BEGIN RECORDED INFORMATION

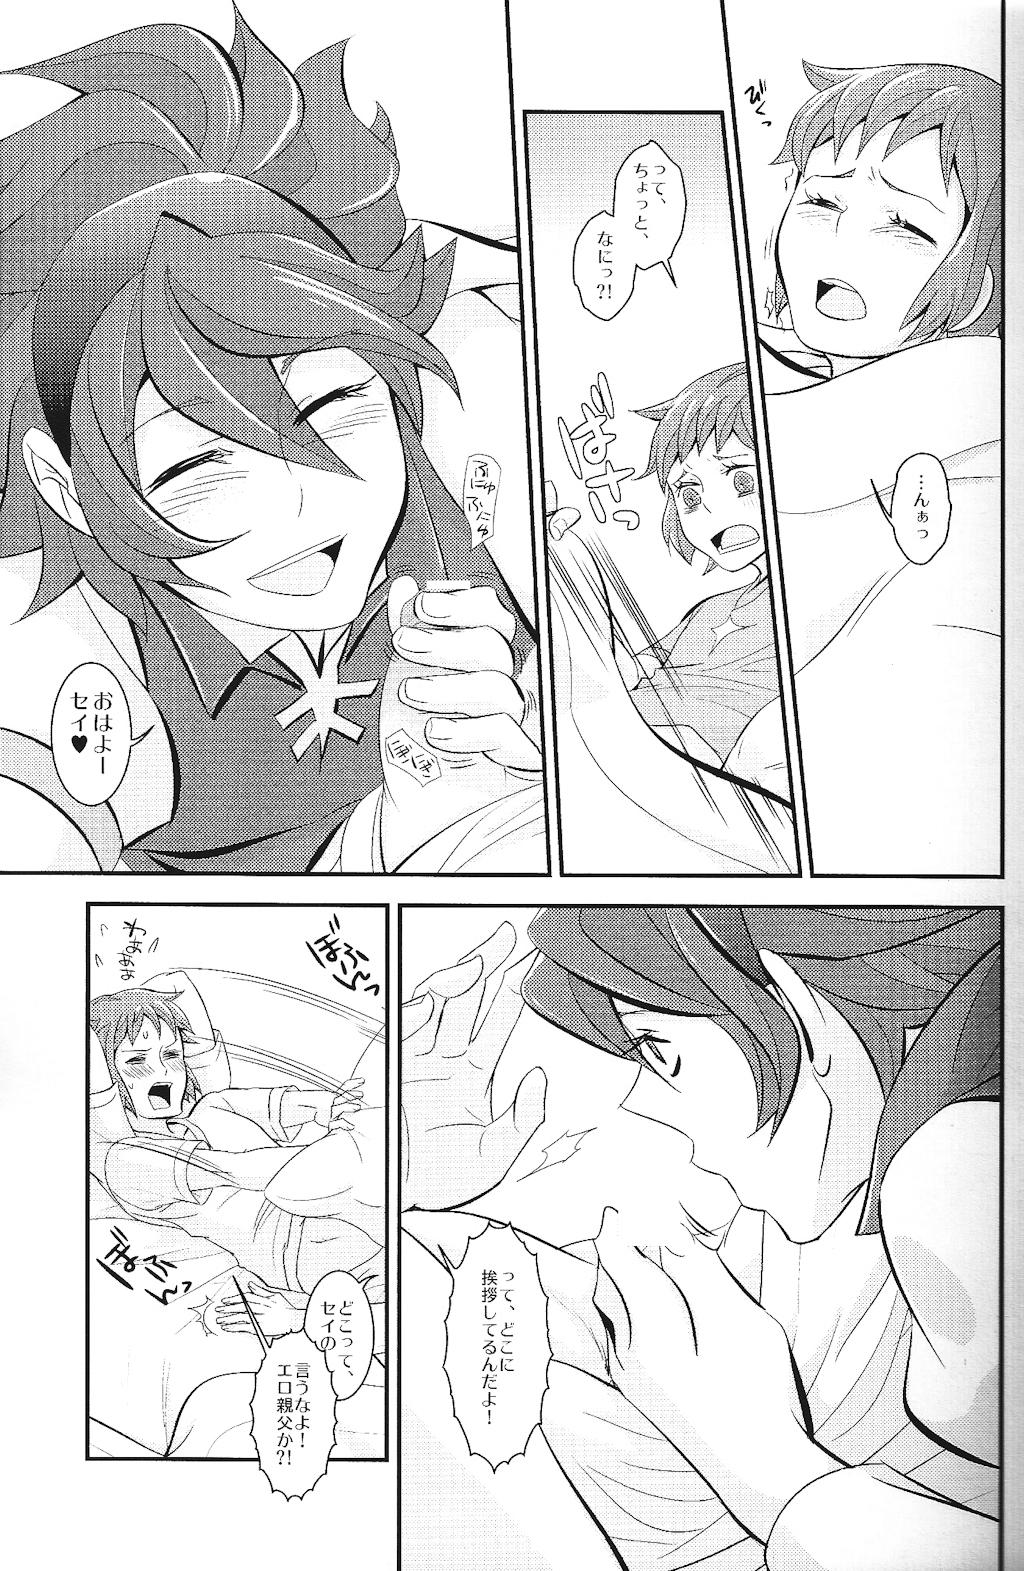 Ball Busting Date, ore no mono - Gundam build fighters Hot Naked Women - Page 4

END RECORDED INFORMATION
BEGIN RECORDED INFORMATION

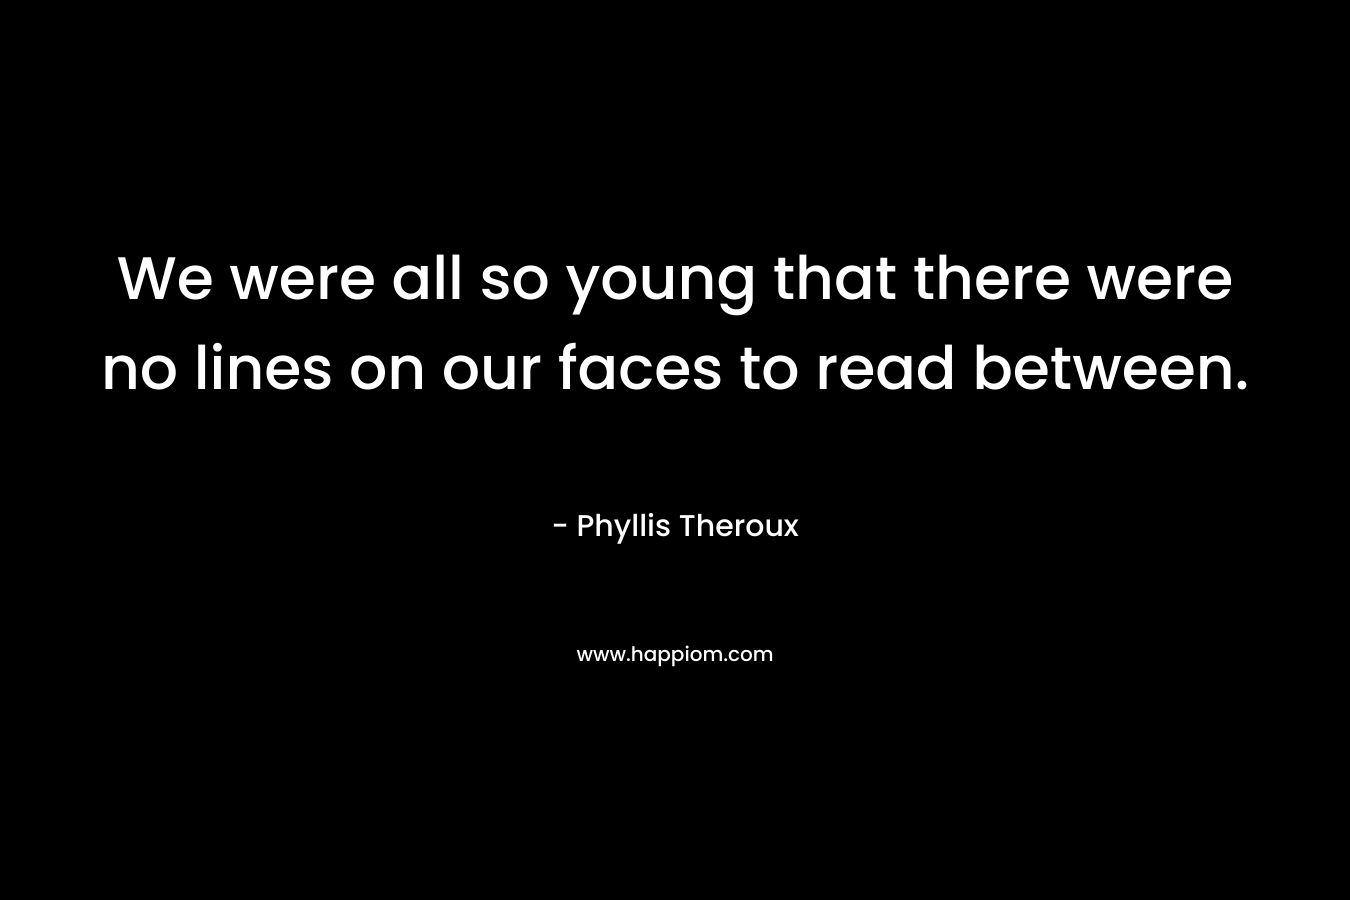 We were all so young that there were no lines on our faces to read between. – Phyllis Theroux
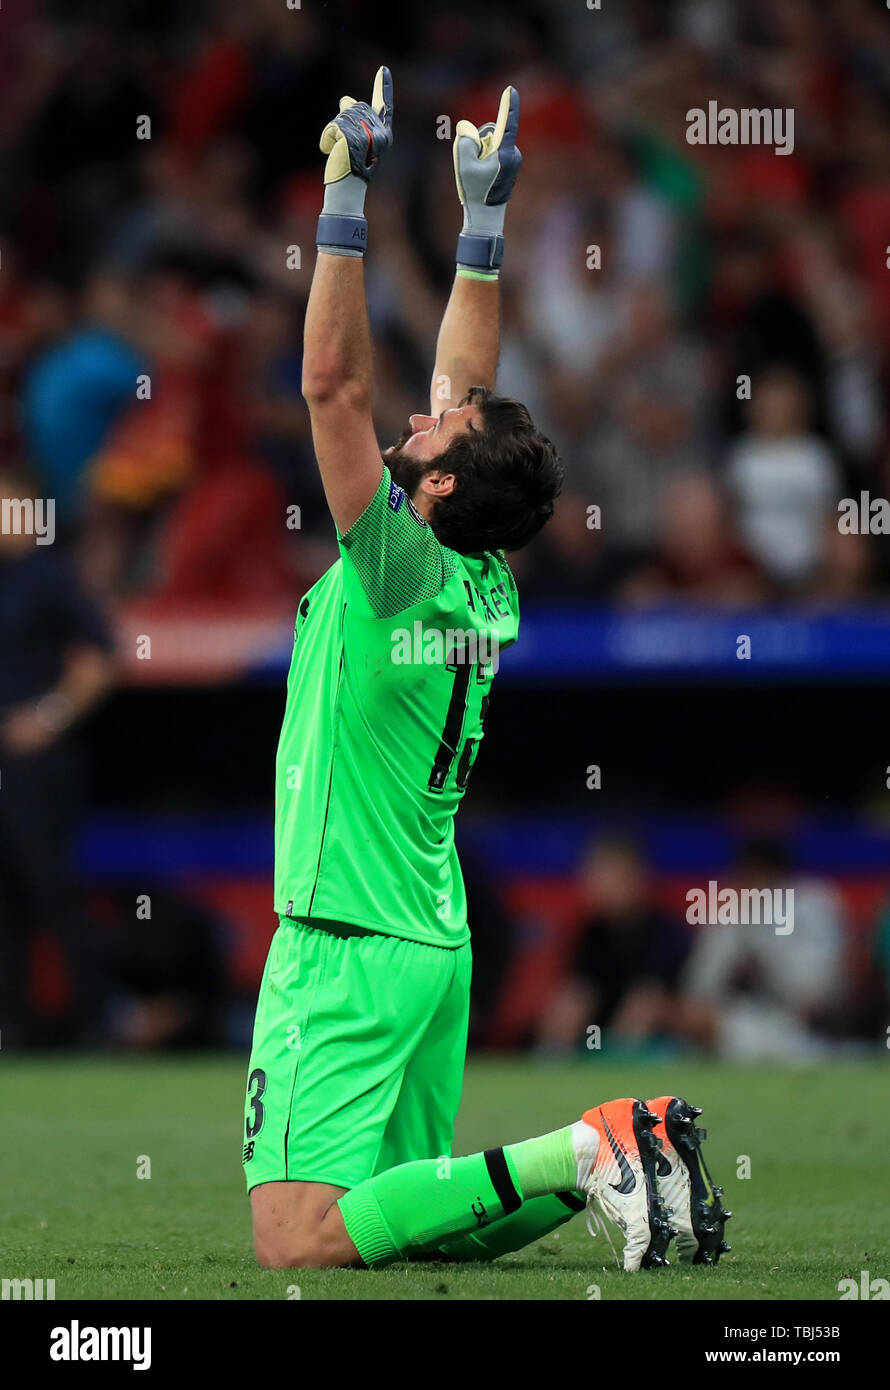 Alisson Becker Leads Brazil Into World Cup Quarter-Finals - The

END RECORDED INFORMATION

» THE PROBLEM
From the material above, give again exactly the lines from the one that contains "We were all" through the one that contains "Alisson Becker Leads", and leave out the pictures.

» WRITTEN ANSWER
 We were all so young that there were no lines on our faces to read between. – Phyllis Theroux
 Alisson Becker Leads Brazil Into World Cup Quarter-Finals - The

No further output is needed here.